Expired Food and Unsanitary Kitchen Conditions in Dietary Services
Penalty
Summary
Surveyors identified a deficiency in the facility’s food service operations related to failure to follow its own food safety and sanitation policies. The facility’s policies required that all local, state, and federal standards be followed, that food be protected from contamination, and that perishable foods be used prior to their use-by or expiration dates, with out-of-date foods discarded. During an observation of the kitchen’s walk-in cooler, surveyors found multiple juice containers labeled by the facility with use-by dates that had already passed, including cranberry juice, orange juice, and apple juice. They also found a container of concentrated lemon juice with a manufacturer’s expiration date that had already passed, despite the facility having applied a later “use by” date that extended beyond the manufacturer’s expiration.
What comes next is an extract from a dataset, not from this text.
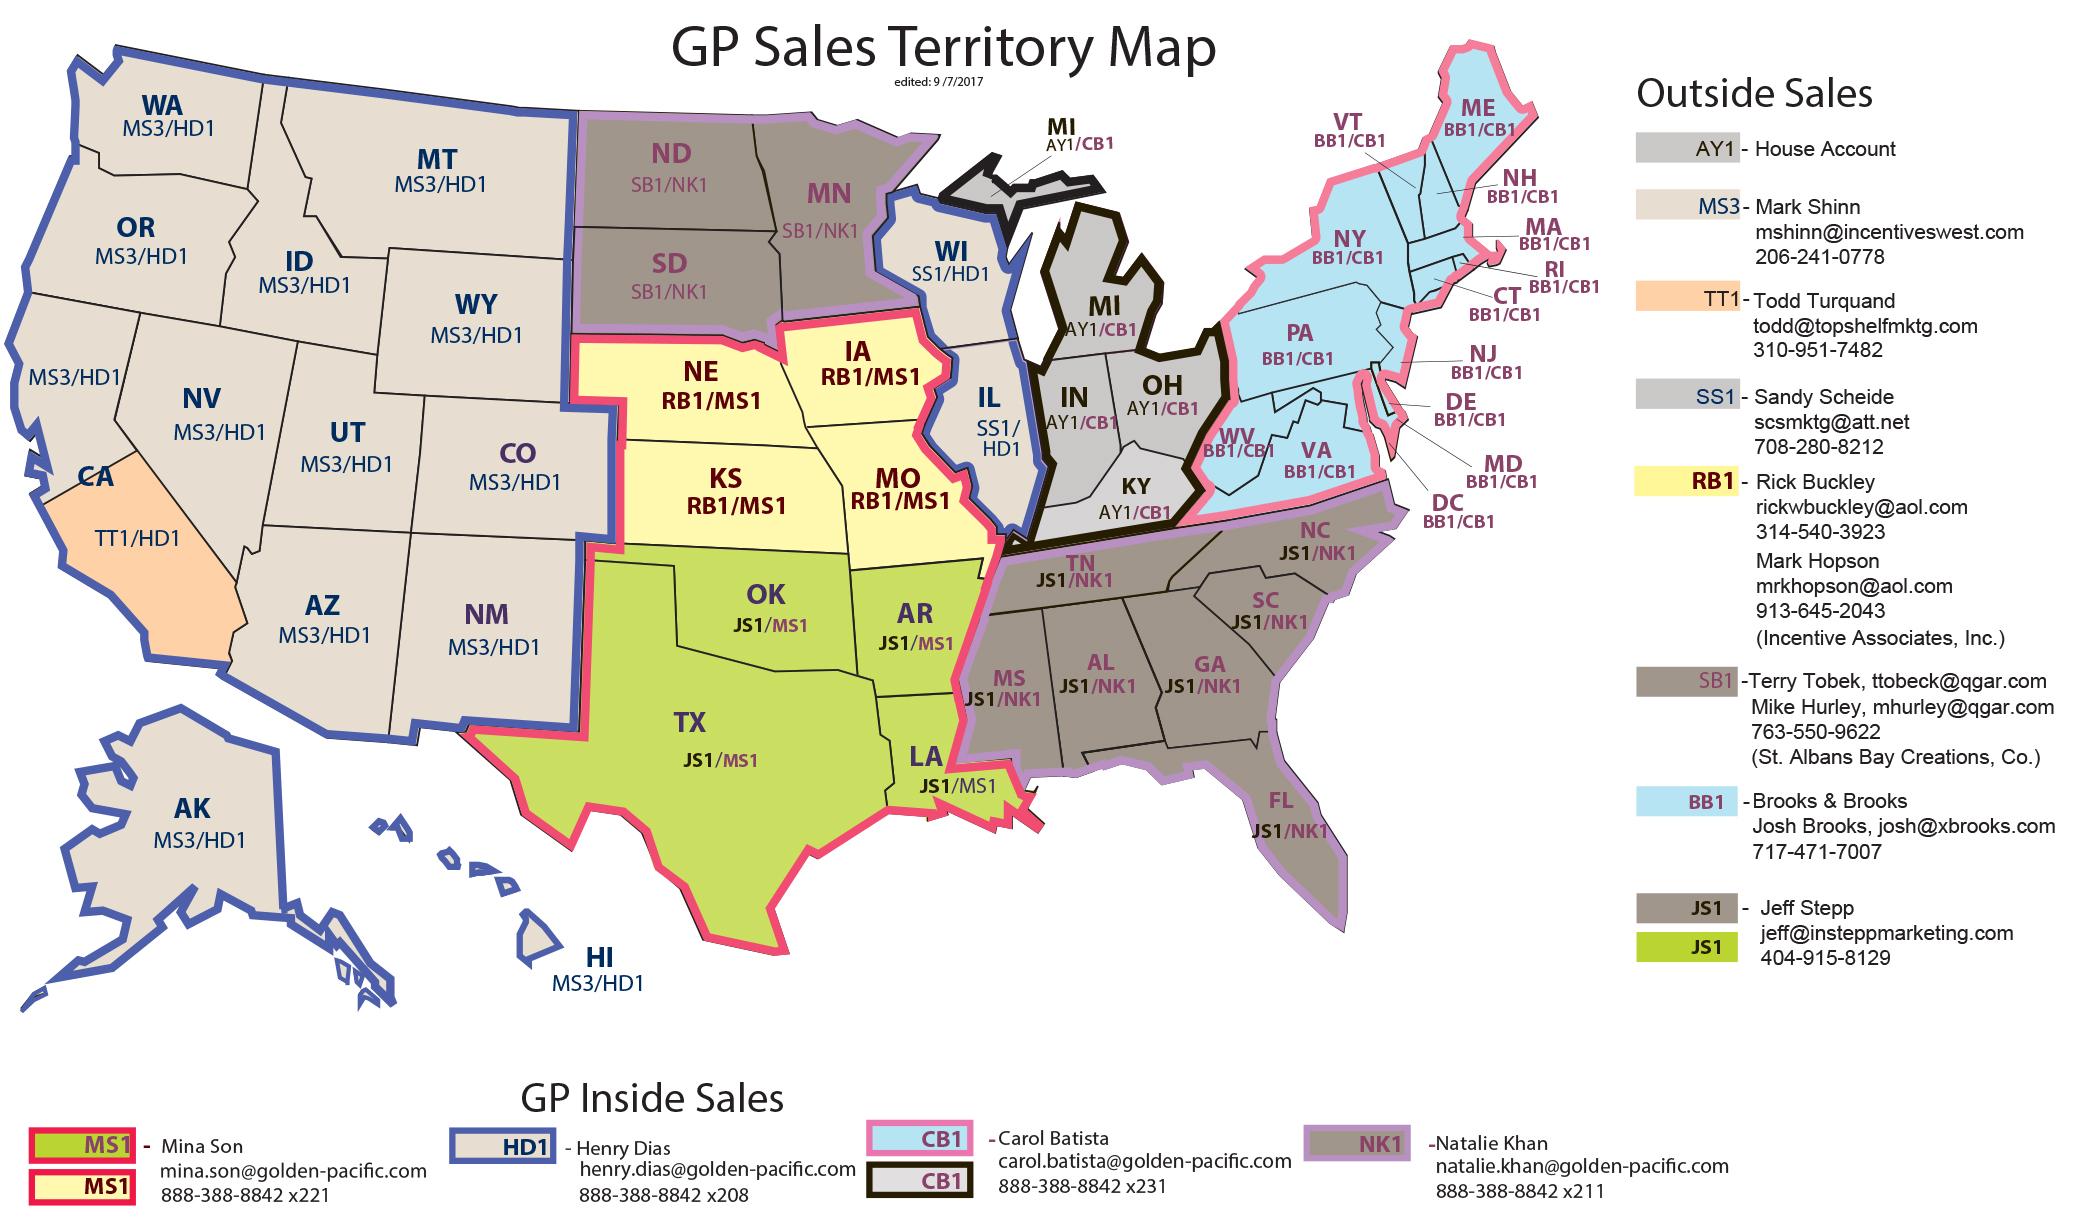 sales rep territory 07-27-2017 w info

Further observations in the kitchen’s walk-in freezer revealed a torn-open package of hot dog buns with several buns exposed to air and an opened box of fish with a manufacturer’s expiration date that had already passed. Additional inspection of the kitchen area showed multiple cobwebs and dead insects on the wall behind portable shelving where clean dishes were stored, along with a buildup of black and gray dust and debris. Two window unit air conditioners were located next to this shelving, with the potential to blow debris and pests onto the clean dishes if turned on. A dietary aide acknowledged these conditions during the survey, stating that all dietary staff should be checking use-by and expiration dates. The Regional Director of Operations later stated it was her expectation that there would be no items beyond use-by or expiration dates and no dust or dead bugs in the kitchen. These failures placed all 34 residents at risk of foodborne illnesses.